EXERCISE OBJECTIVE | The listing below is to be copied exactly, with pictures excluded.

SUPPLIED DATA |
^^^^
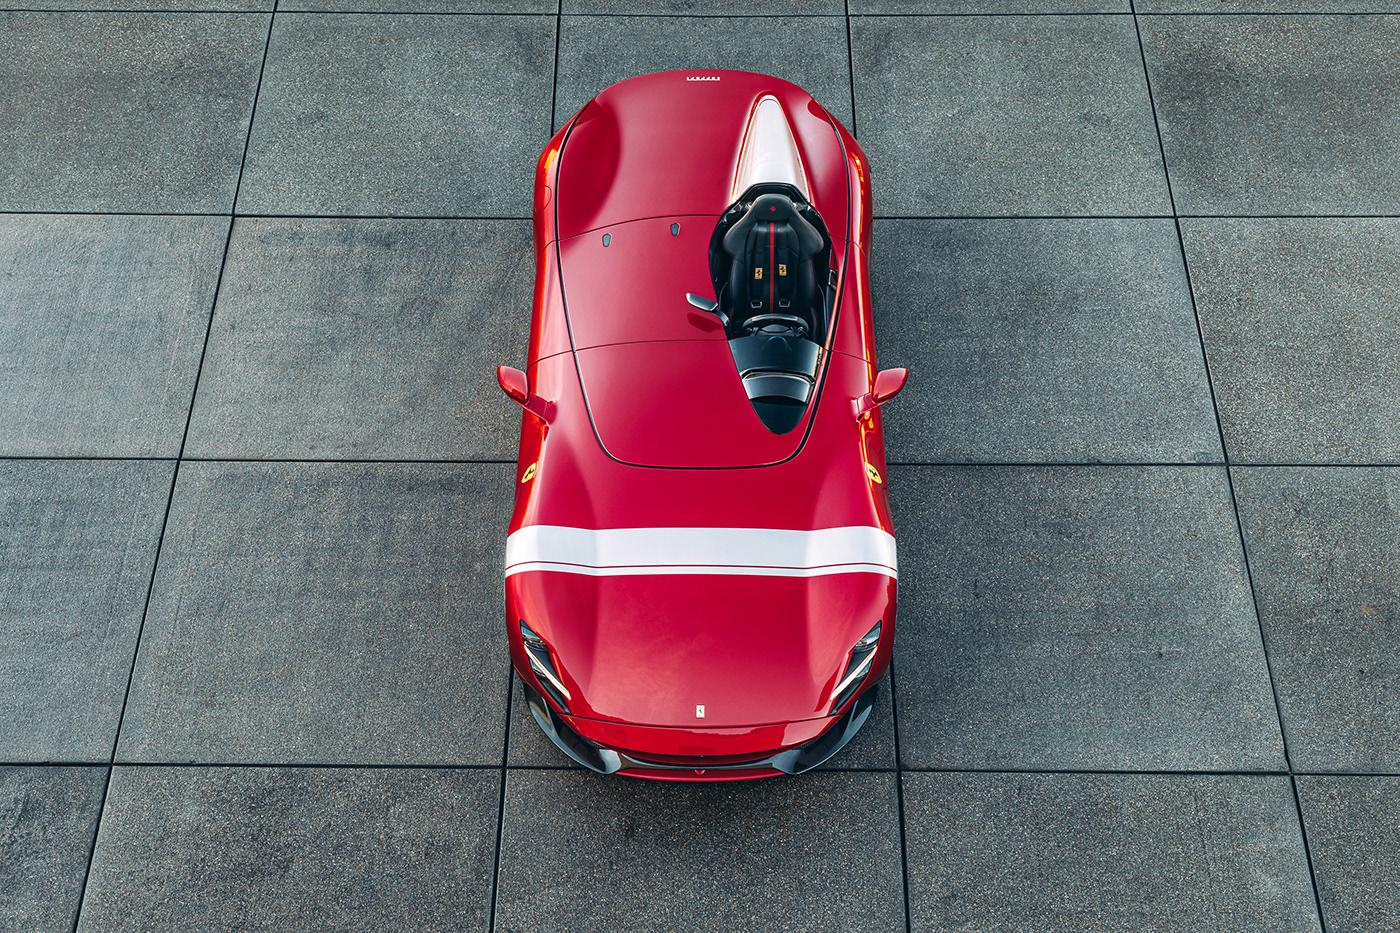 Automotive Photography FERRARI ferrari monza sp1 Keno Zache monza sp1
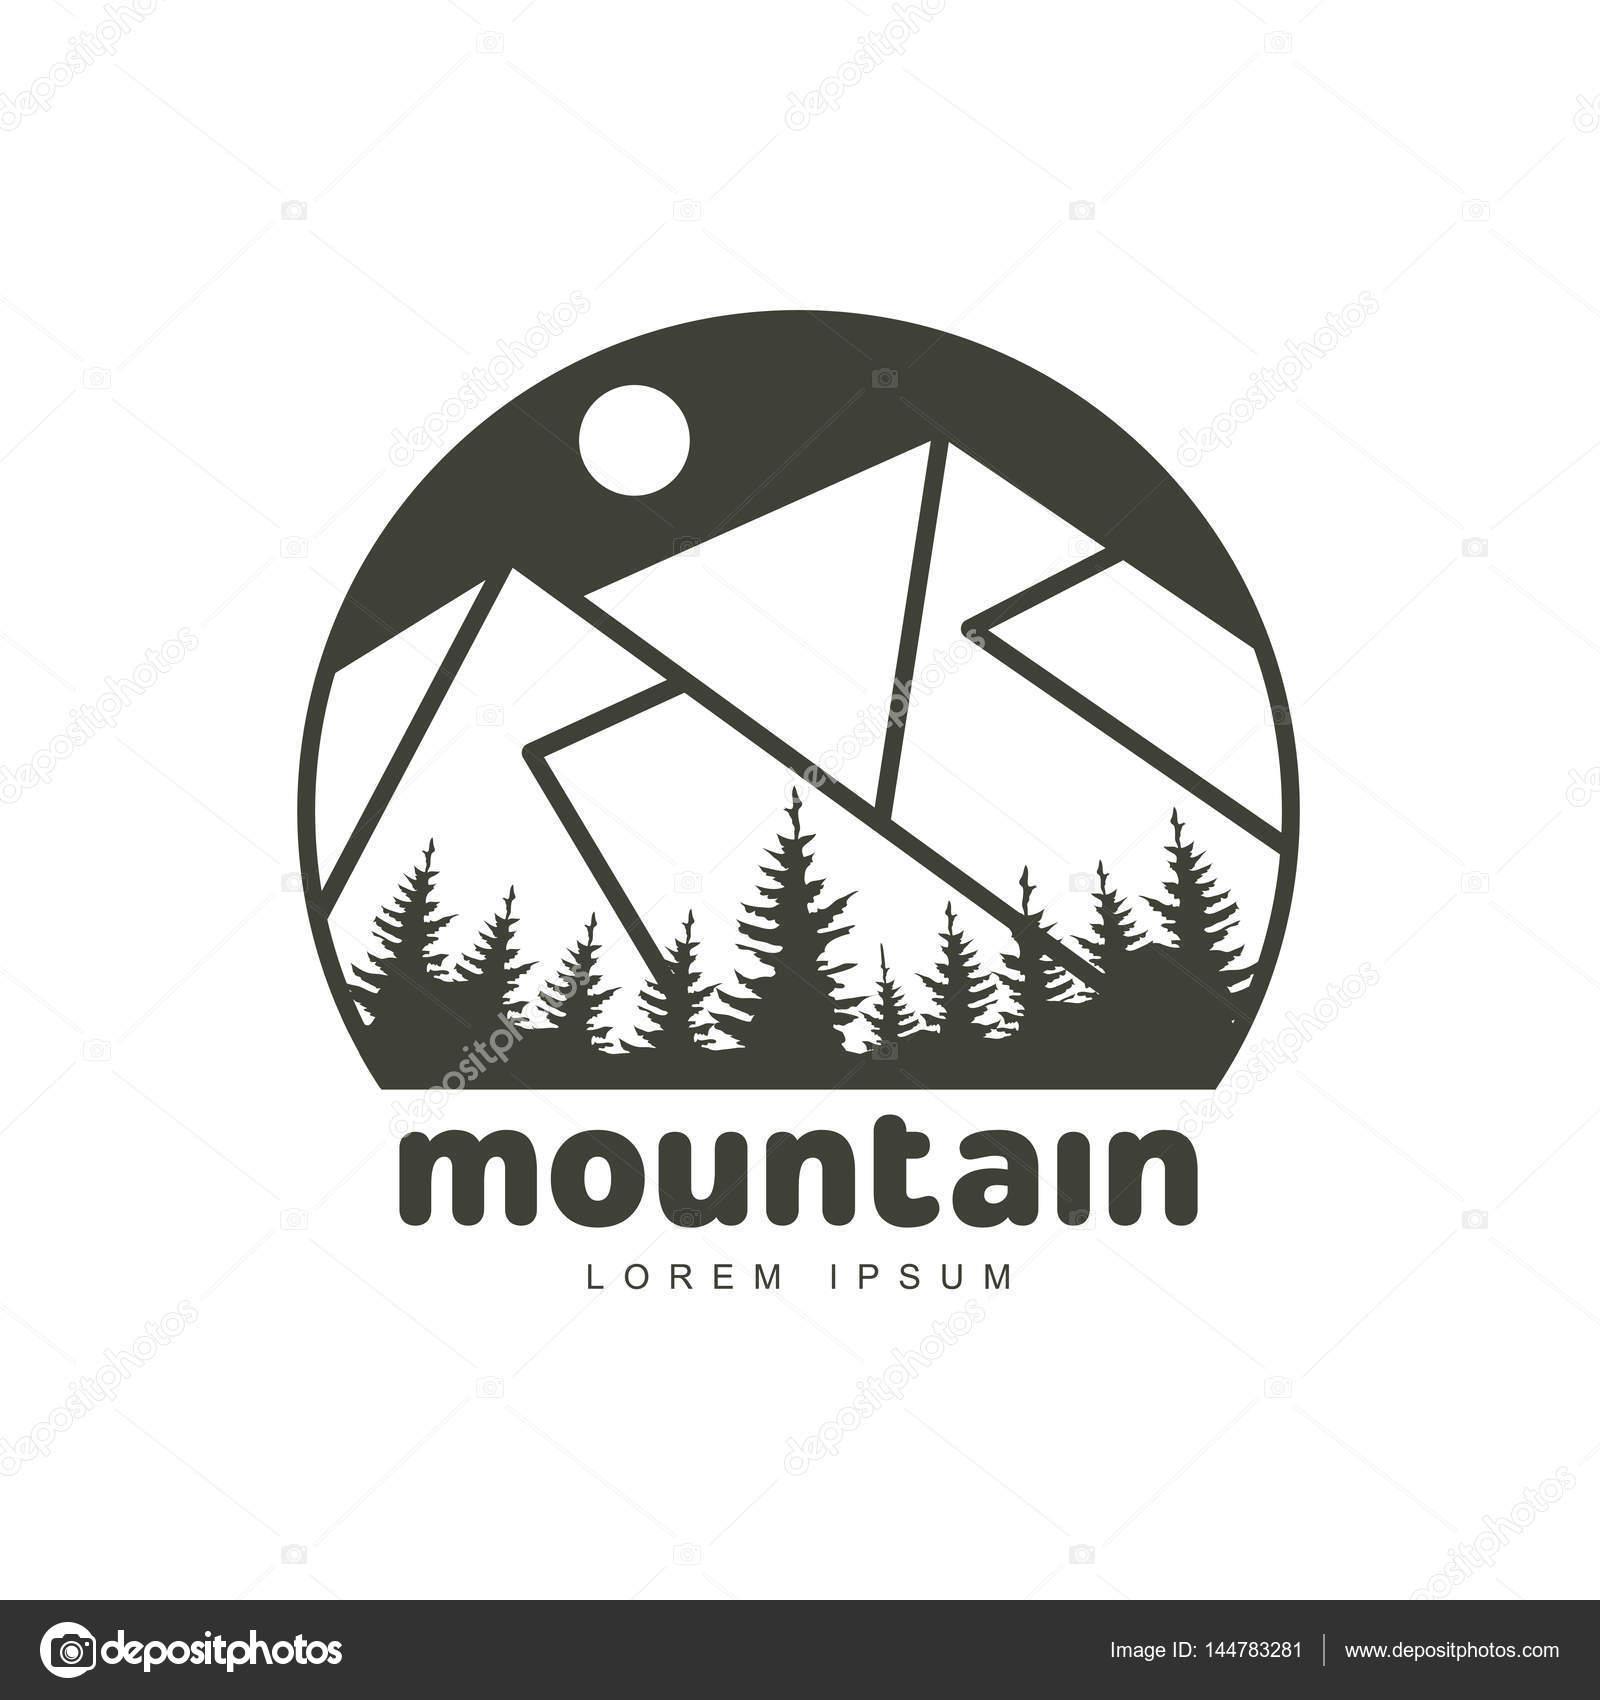 Plantillas de logotipo de montañas — Archivo Imágenes Vectoriales ...
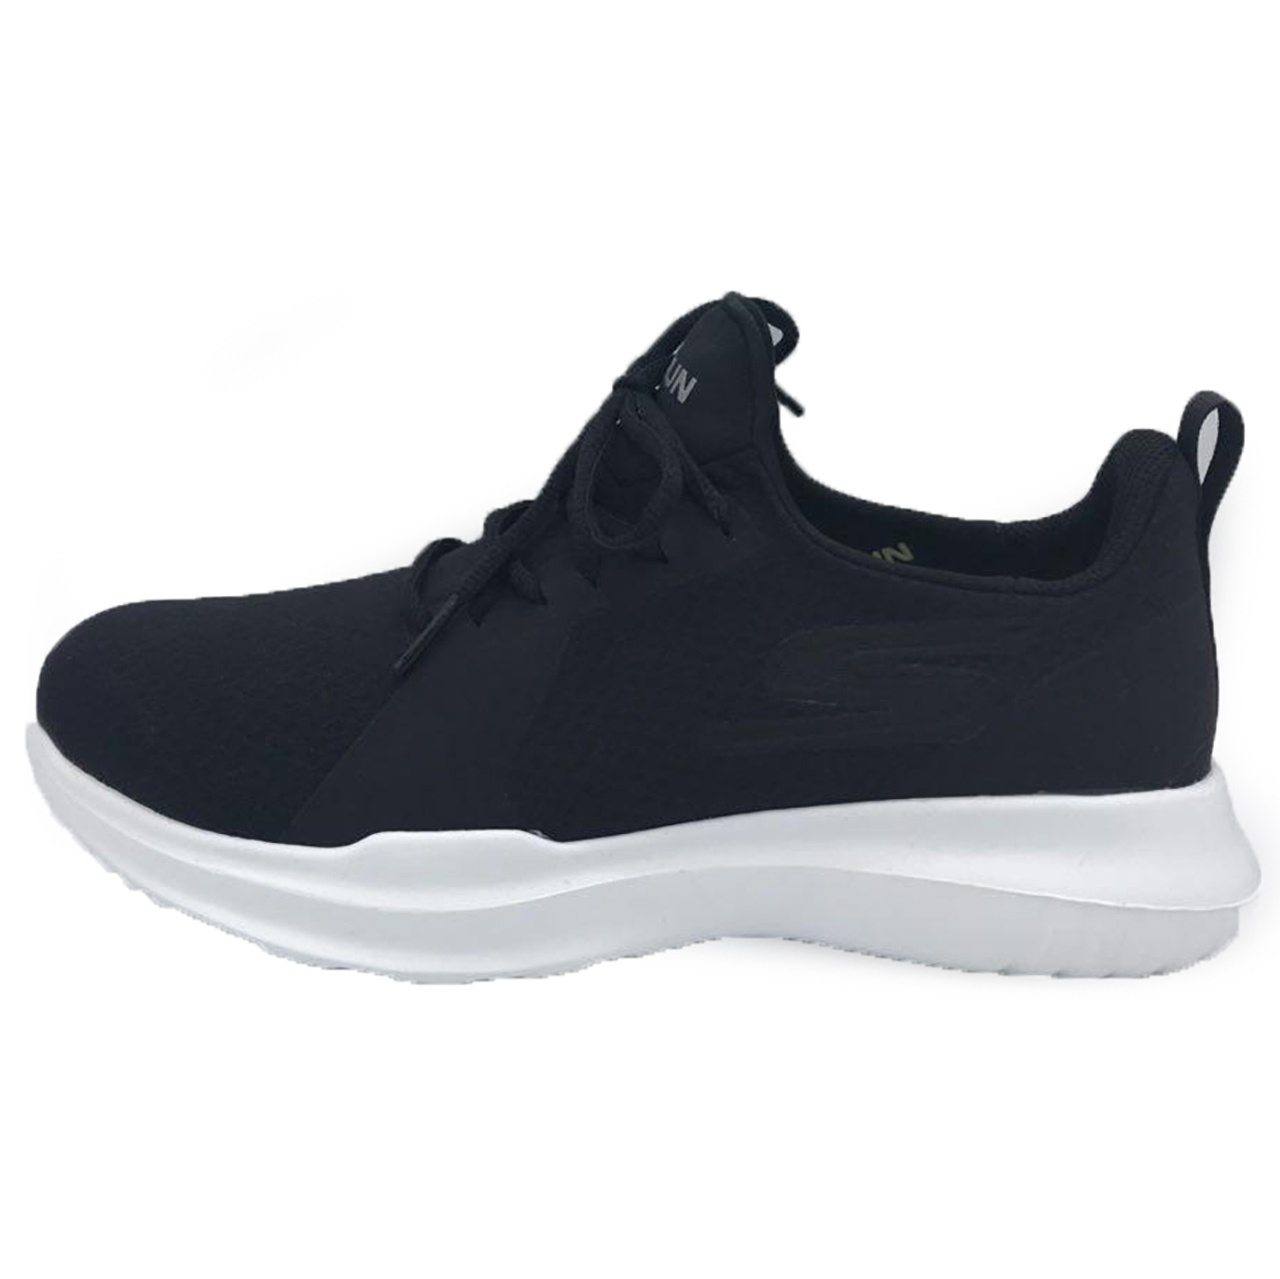 کفش مخصوص پیاده روی مردانه اسکچرز مدل Go Run
^^^^
WRITTEN SOLUTION |
 Automotive Photography FERRARI ferrari monza sp1 Keno Zache monza sp1
 Plantillas de logotipo de montañas — Archivo Imágenes Vectoriales ...
 کفش مخصوص پیاده روی مردانه اسکچرز مدل Go Run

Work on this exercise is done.